* **TASK ITEM**: All of the data, word for word and free of pictures, is the expected result.

[[ DATA EXCERPT open ]]

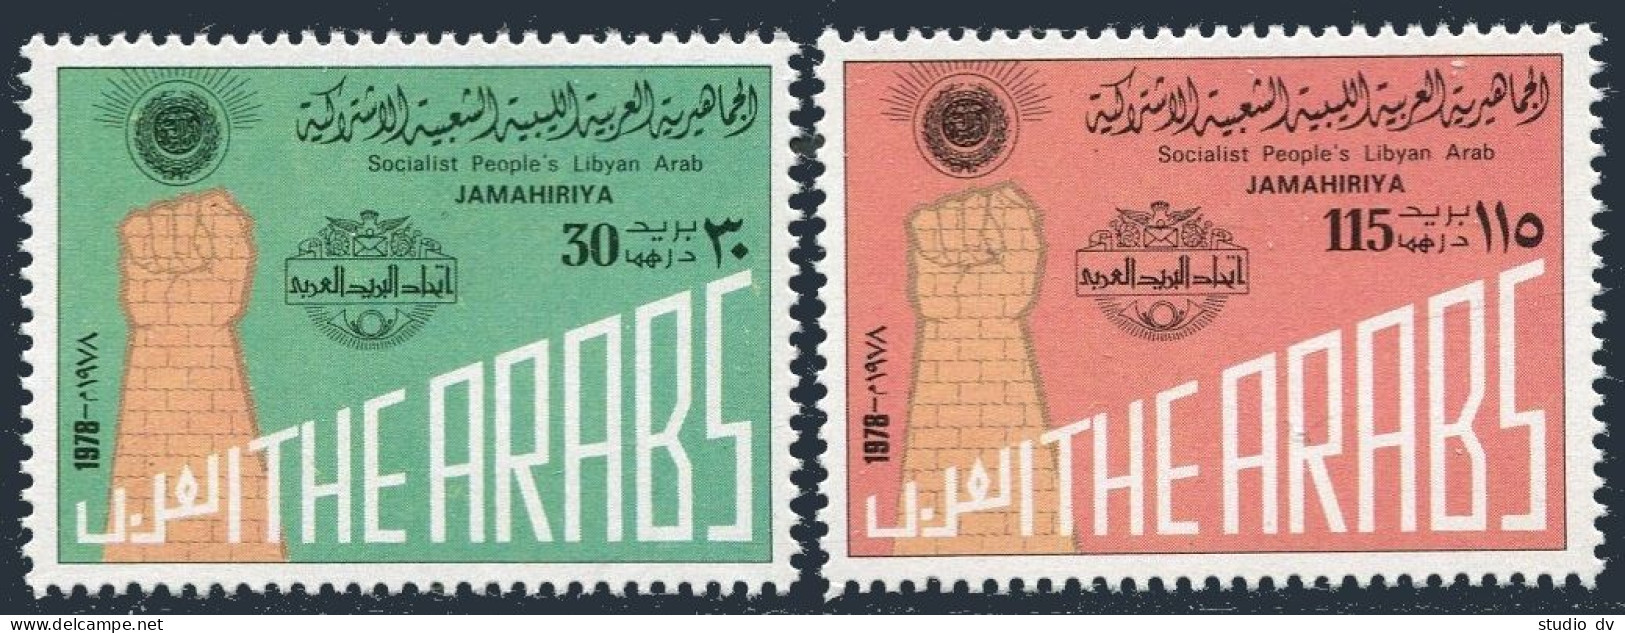 Libya 728-729,MNH.Michel 641-642. Determination Of Arab People,1978. - Libya
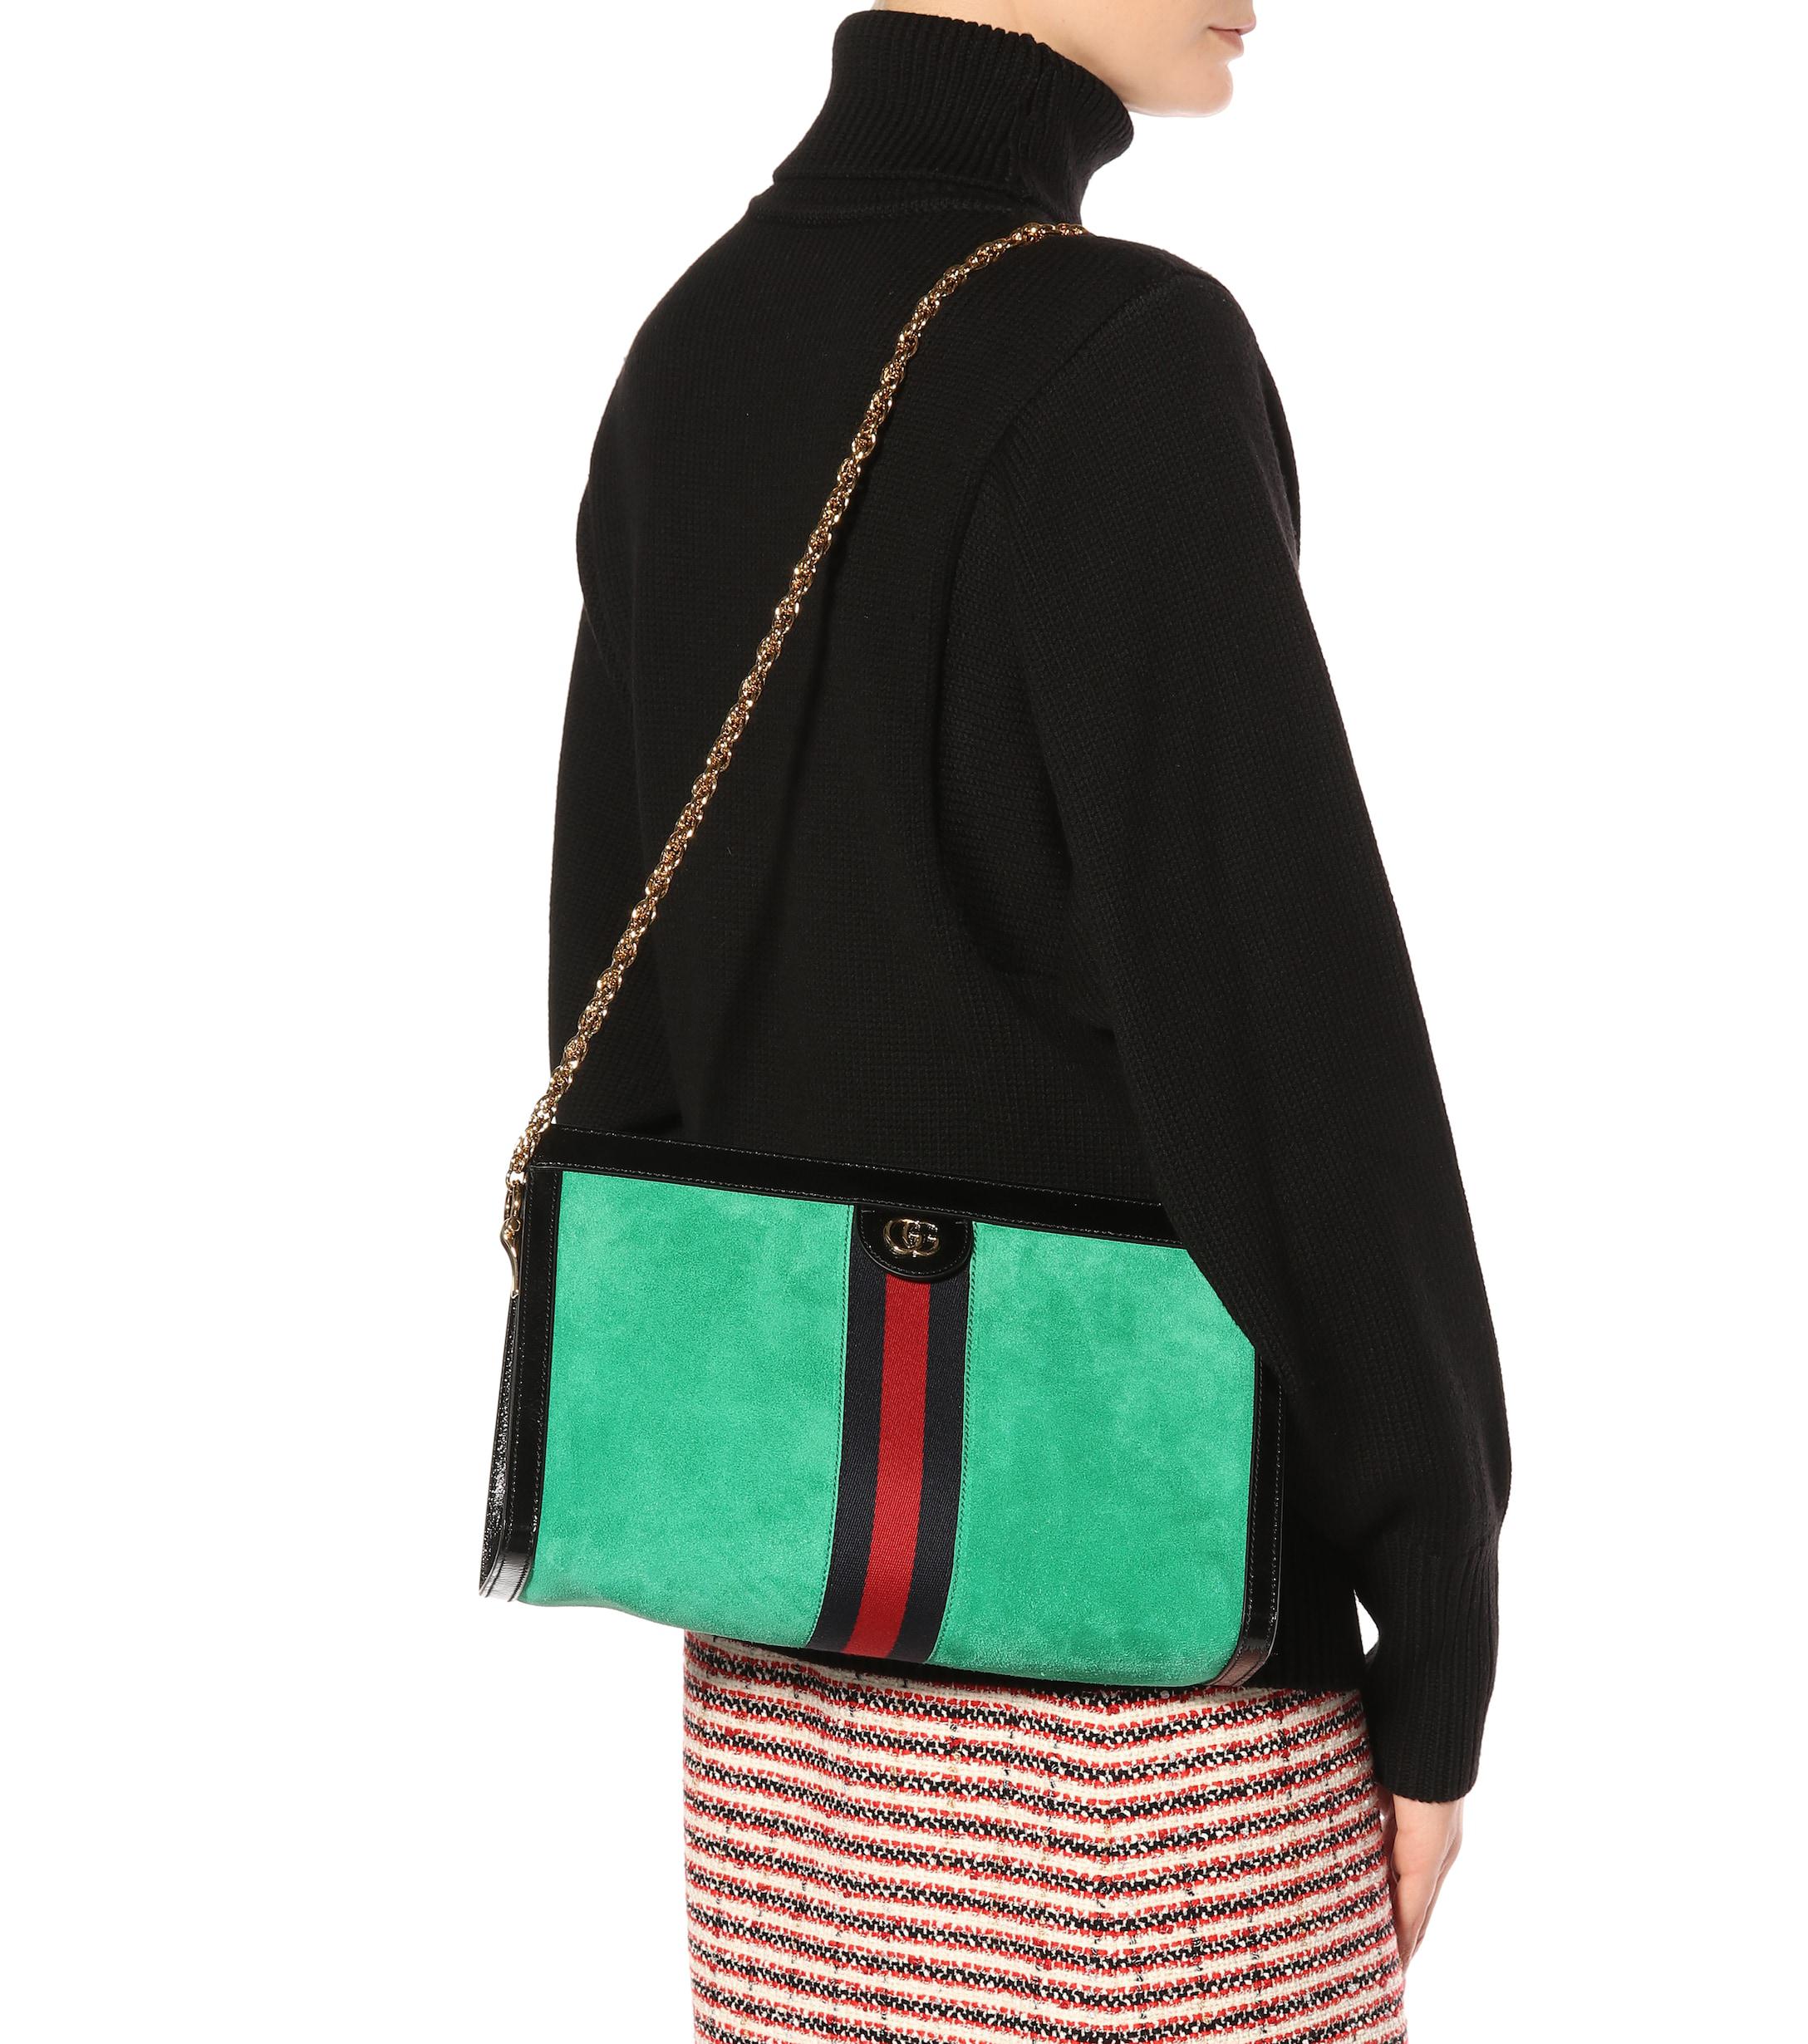 Gucci Ophidia Medium Suede Shoulder Bag in Green - Lyst
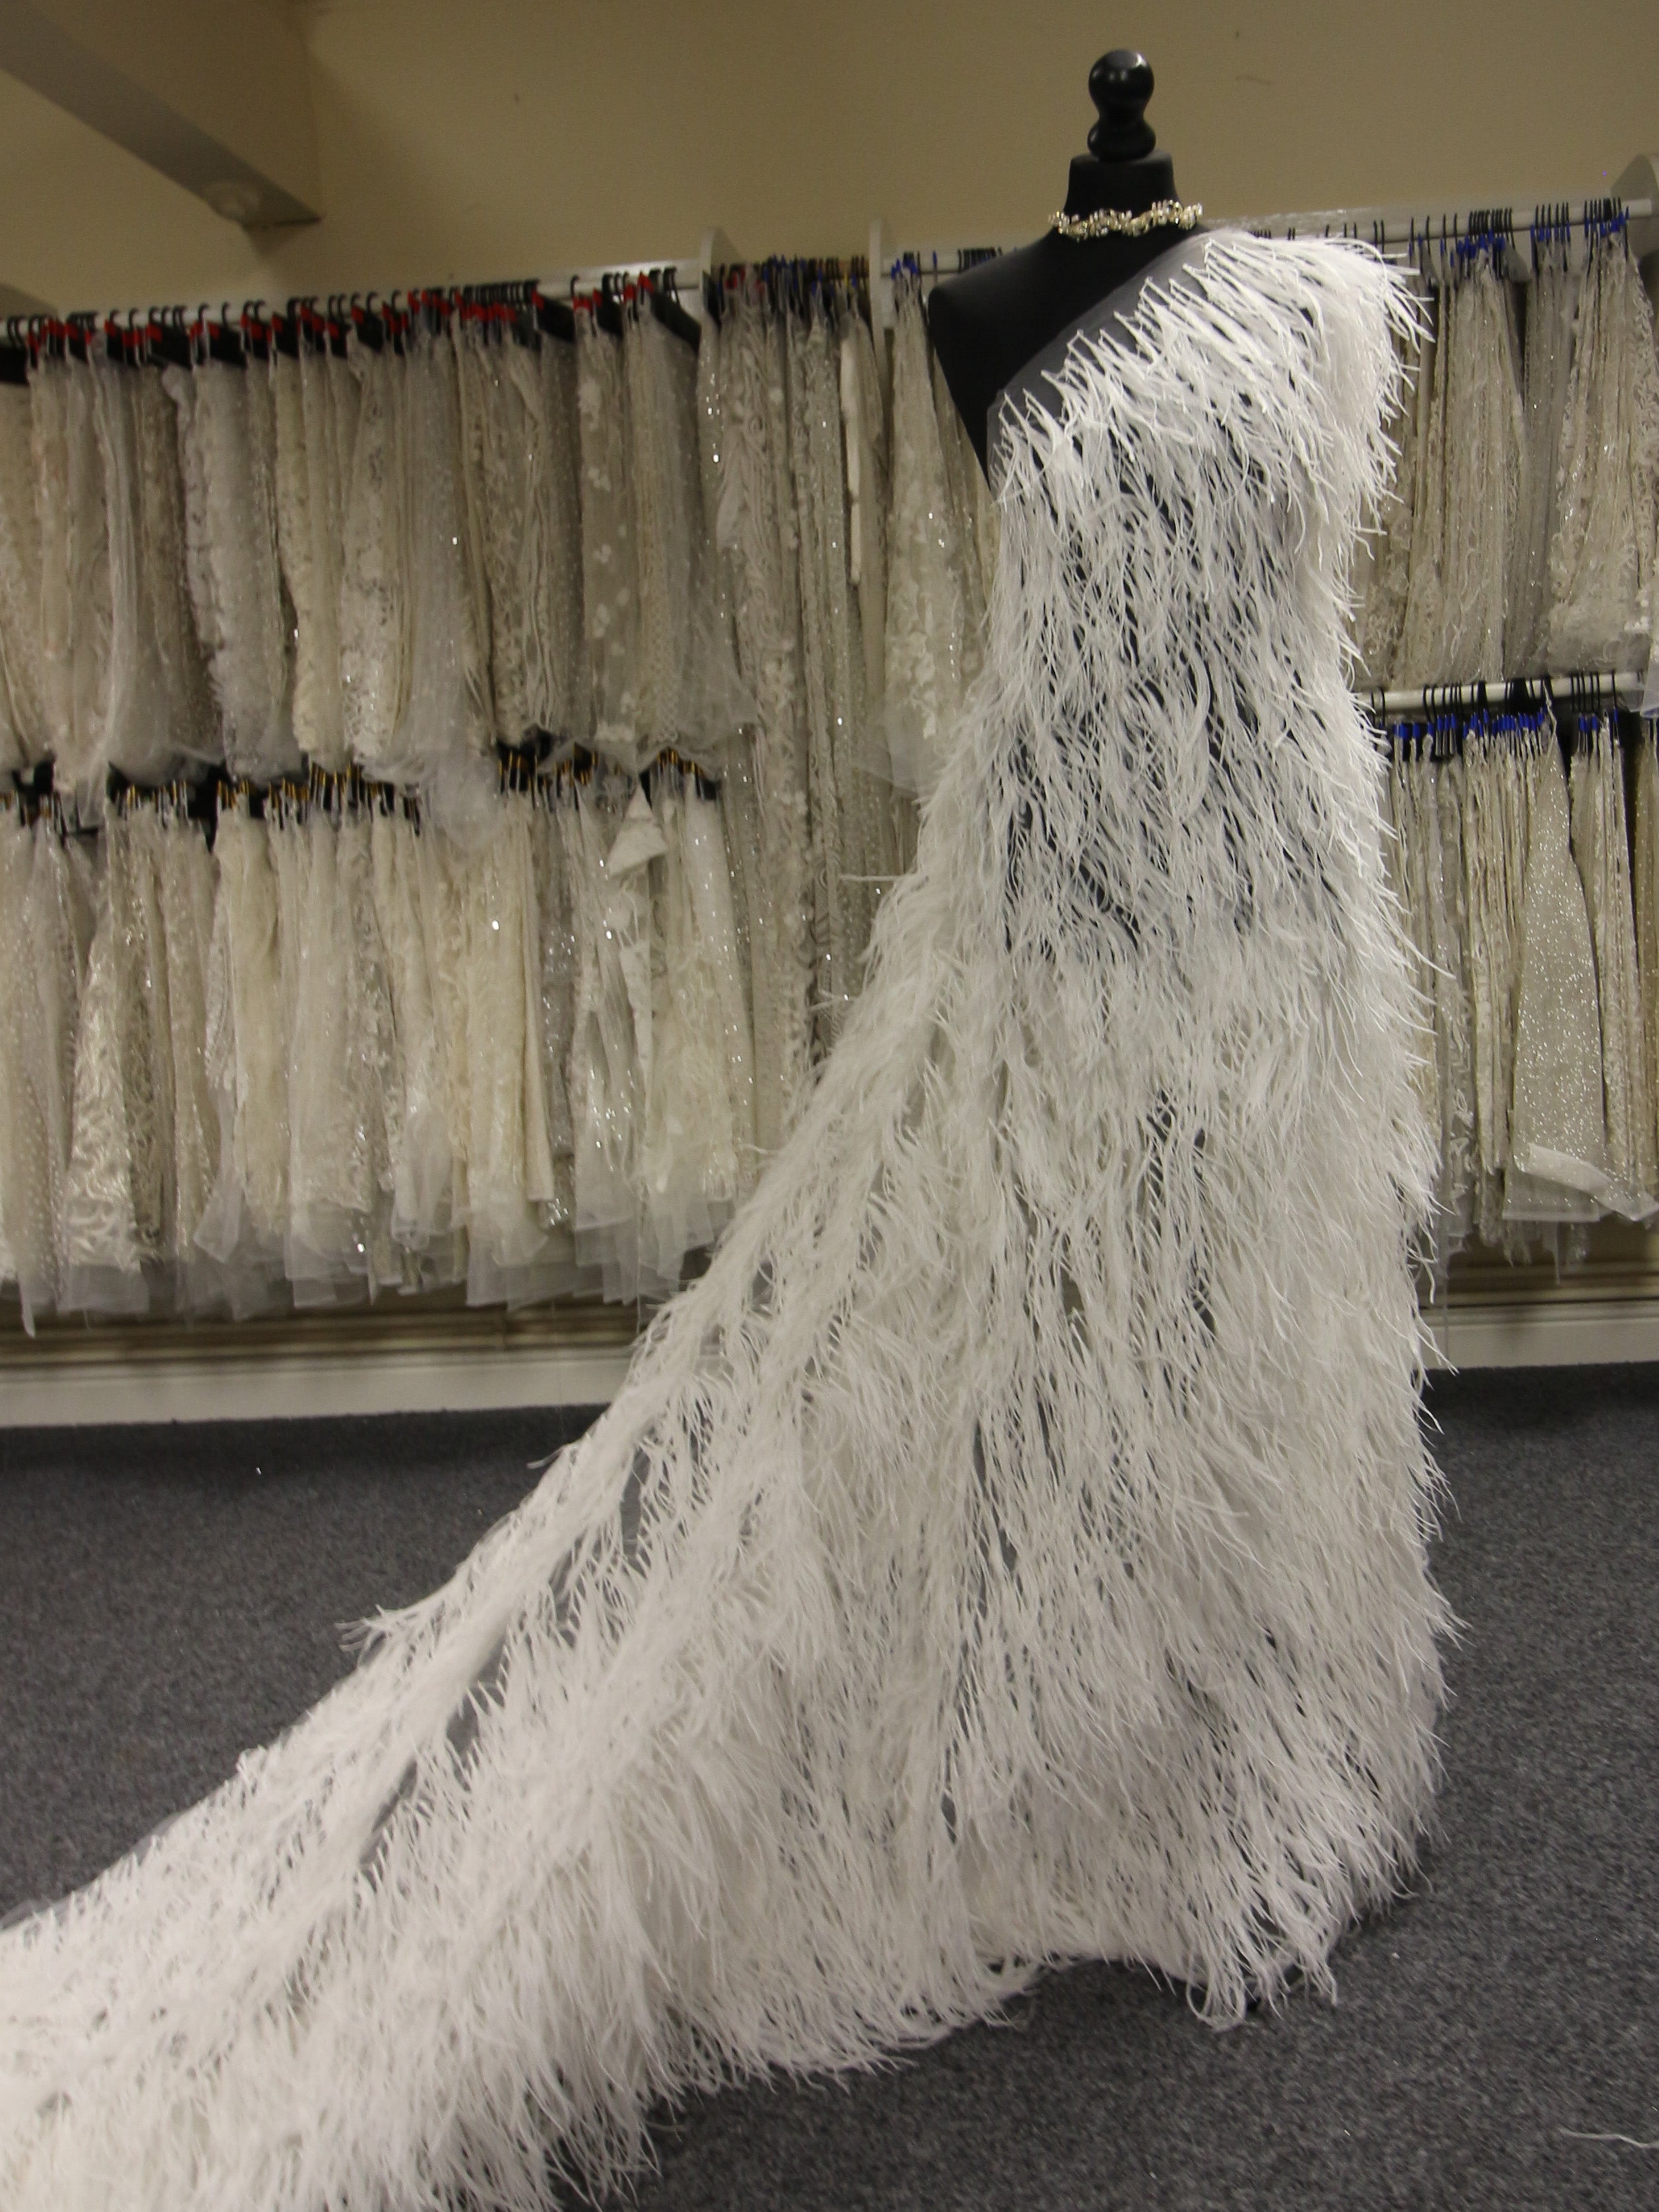 Lavani Couture - White lace & ostrich feather dress 🕊 #white #lace  #handmade #details #feathers #featherdress #ostrich #luxury #wedding  #bridal #bride #bridalcollection #atelier #lavanicouture

[[ DATA EXCERPT closed ]]

* **EXERCISE RESULT**:
 Libya 728-729,MNH.Michel 641-642. Determination Of Arab People,1978. - Libya
 Gucci Ophidia Medium Suede Shoulder Bag in Green - Lyst
 Lavani Couture - White lace & ostrich feather dress 🕊 #white #lace  #handmade #details #feathers #featherdress #ostrich #luxury #wedding  #bridal #bride #bridalcollection #atelier #lavanicouture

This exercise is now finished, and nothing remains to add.